When I was a kid we lived in track housing. A kazillion ticky tacky little houses and they all looked just the same. I think there were probably about 25 or so plus houses on each cul-de-sac and then somehow the builders who covered over the dairy farm managed to link about 5 successive tracks all together in my immediate neighborhood.

Talk about the way to score when you went trick or treating...oh my. I can recall coming home with so much candy. The pillow case I carried was more than half full. That's a whole lotta loot when your not even four feet tall. I can remember one year I had the hair brained idea to go on rollerskates. You know, the more ground covered, the more door bells rung, the bigger the amount of CANDY!

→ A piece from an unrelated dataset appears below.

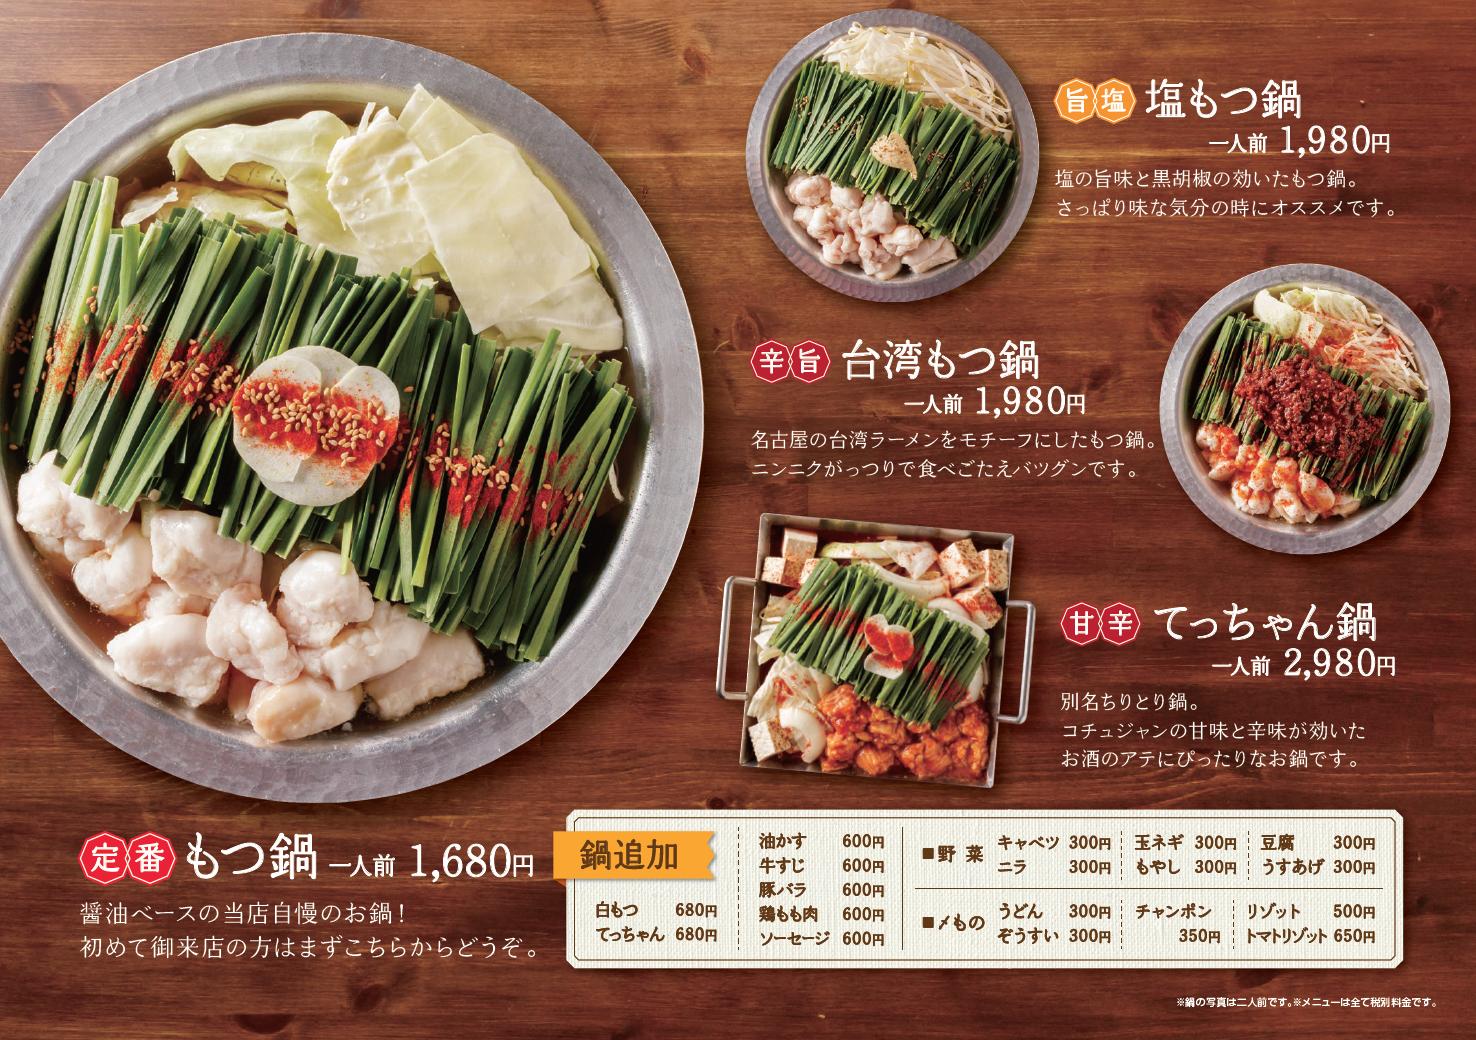 大阪で飲食店のメニュー・販促物の制作は「おいしいデザイン.com」 もつ鍋のむら上本町店メニュー 表

When I arrived home I can remember my parents letting me pour it all out onto the living room floor (okay, gross now when I think about that since it was covered avocado green shag carpet) and sifting through it. You know the categories, the good stuff (tootsie rolls, gum, jolly ranchers), the great stuff (Butterfingers, Mr. Goodbar, anything chocolate), and then the crap stuff. Funny, I had such a sweet tooth I can't recall thinking any of it was crap but I know I did pawn some stuff off for trade or I tossed it because I didn't like it. I can still see the respective heaps of candy we would have at the end of the night. Once sorted, the stuff deemed edible was put into a silly plastic pumpkin a set atop the fridge. This was meant as a means of control. Ha, good luck with that. My parents slept soundly and I was stealth like a thief in the kitchen back then. We were usually rationed down to one or two pieces a day but I wonder if my mom every actually figured out why the candy did not manage to last until mid-December.

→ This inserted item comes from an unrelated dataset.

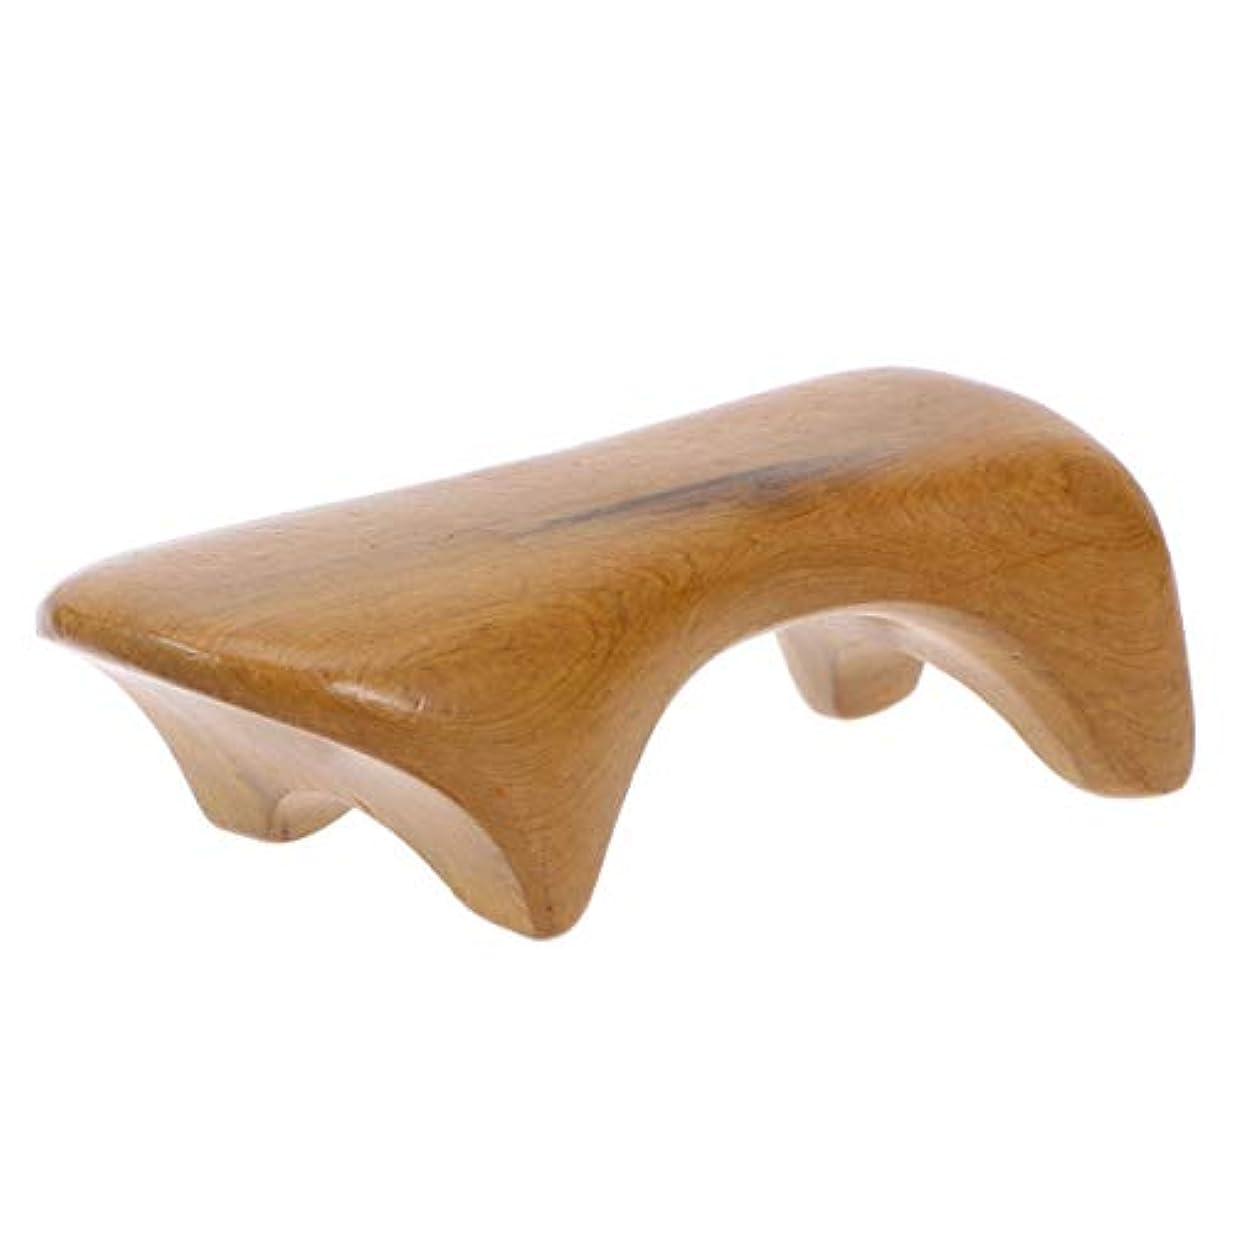 起点ジャーナルパラダイス完全木製のための木の背部マッサージャーの手持ち型のBadyのマッサージャーの多機能のマッサージャー

Truly, it is amazing my teeth managed to stay in at all when I think of the amount of candy I consumed between Halloween and Valentines Day. Thank goodness for a mom who made sure I brushed my teeth!

1 comment:

Julie said...

Kids today are really missing out on the thrill of dresssing up, cold-calling on their neighbors and getting free candy.

I still remember doing Trick or Treating when I was pre-kindergarten age. We lived way the heck out in the boonies, and my Dad drove my toddler brother and I into town for it. We came back with pillowcases overstuffed with candy! Brimming over! Flowing out onto the celery-colored shag carpeting!

Our parents probably ate most of it when we weren't looking.